There is an imperative need on part of both parties to collaborate immediately. The big question remains how they can move in this direction. At this juncture, NATO needs to explain to New Delhi’s strategic community how it has changed since the Cold War and clearly convey its intentions to forge a “partnership of equals.”

Moreover, NATO needs to make Indian policymakers realize that it is a win-win situation for both parties to enter cooperation and collaboration. On the other hand, India needs to come out of its Cold War mindset and consider NATO a potential partner.

India is certainly considered an essential element of any strategy in the region. But so far, New Delhi has not dared either to directly align itself with the U.S. To contain China or add an outright anti-Chinese dimension to its participation in the Quad.

Meanwhile, the growing gap in national power, the long-term border confrontation, and other related factors might well push Indian strategists to a certain revision of the policy of strategic autonomy and make the U.S. the main security donor, as in the case of Australia and Japan.

If Delhi is eager to draw a reluctant Russia into discussions on the Indo-Pacific, it makes little sense in avoiding engagement with NATO, which is now debating a role in Asia’s waters. Russia has not made a secret of its reservations to the Quad and Delhi’s ties with Washington. Putting NATO into that mix is unlikely to make much difference.

Delhi, in turn, can’t be happy with the deepening ties between Moscow and Beijing. As mature states, India and Russia know they have to insulate their bilateral relationship from the larger structural trends buffeting the world today.

Meanwhile, both Russia and China have an intensive bilateral engagement with Europe.
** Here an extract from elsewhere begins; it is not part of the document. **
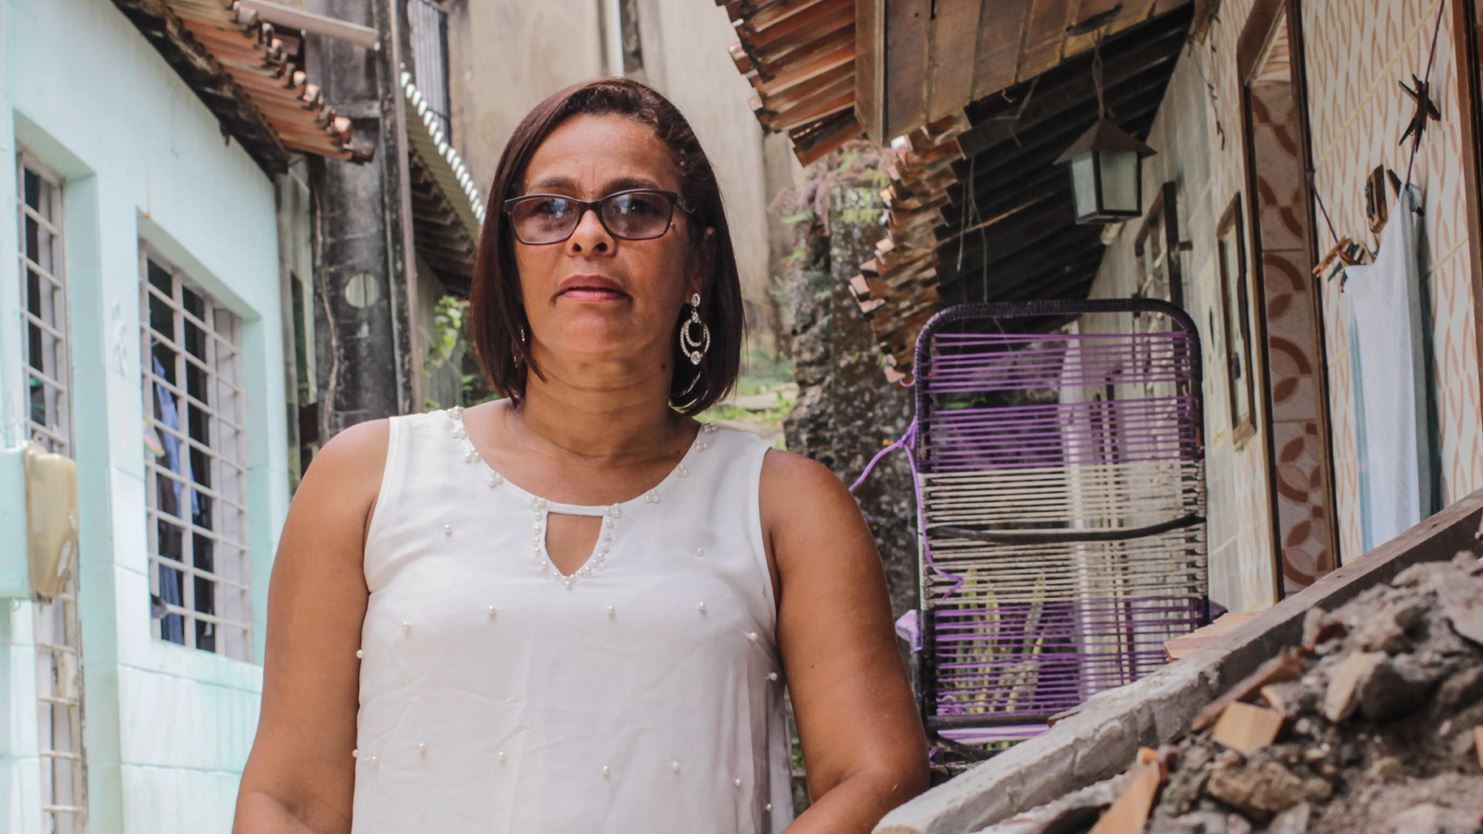 Sandra, an activist in Brazil who speaks out about the issue of plastic polution

Delhi’s continued reluctance to engage a major European institution like NATO will be a stunning case of strategic self-denial.

China sees India as the principal impediment to the realization of its ambitions to dominate Asia and this is likely to lead to more violent confrontations. New Delhi should pursue a multifaceted strategy that includes cooperative elements, but there is ultimately little that India can do to mitigate the underlying sources of the rivalry. India has all the more reason to partner with the United States in a NATO-style arrangement.

CONCLUSION

Partnering with NATO would not significantly constrain India’s broader geostrategic options. Egypt and Israel are both NATO partners who maintain defense relationships with Russia. Switzerland, Finland, Sweden, and Austria are all NATO partners with long-standing neutralist traditions.
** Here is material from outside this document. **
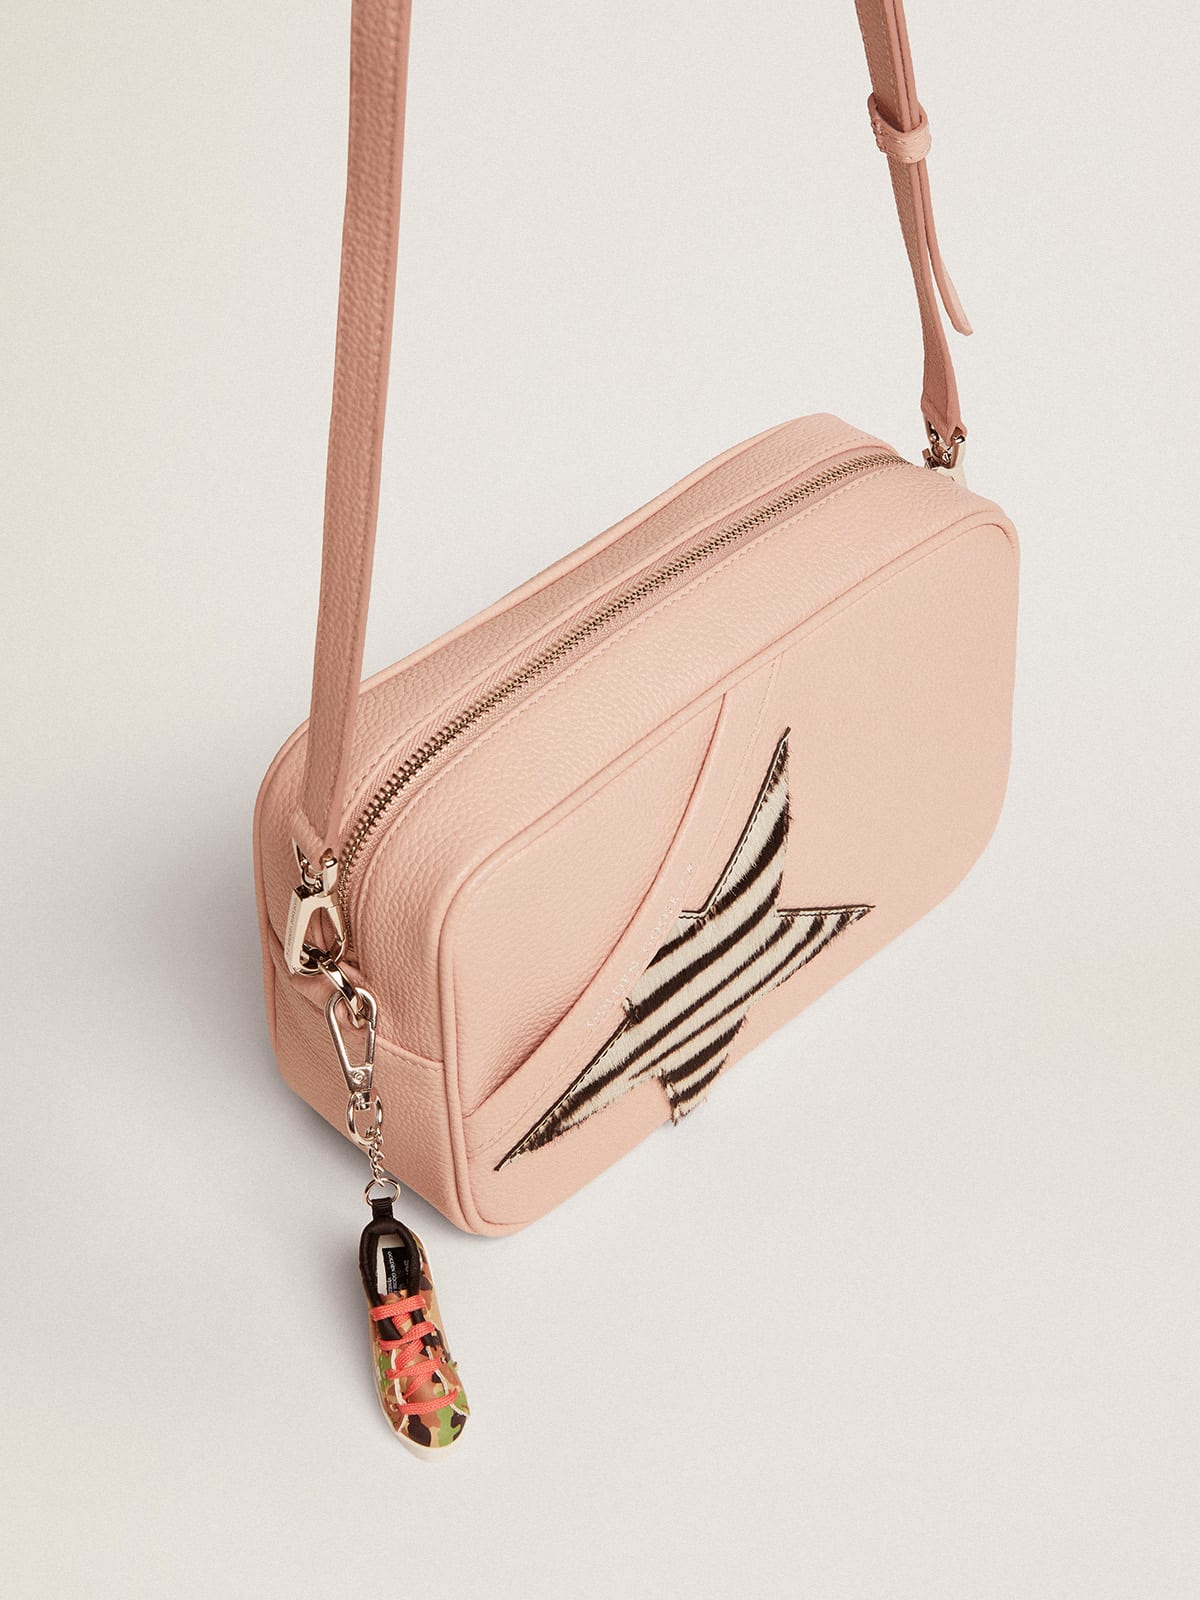 Golden Goose - Women's Star Bag in pink leather with zebra print pony skin star in

A sustained dialogue between India and NATO could facilitate productive exchanges in a range of areas, including terrorism, changing geopolitics; the evolving nature of military conflict, the role of emerging military technologies, and new military doctrines. More broadly, an institutionalized engagement with NATO should make it easier for Delhi to deal with the military establishments of its 30 member states. On a bilateral front, each of the members has much to offer in strengthening India’s national capabilities. NATO must extend a formal partnership offer to Delhi; India must shed its hesitation. Both have a common challenge.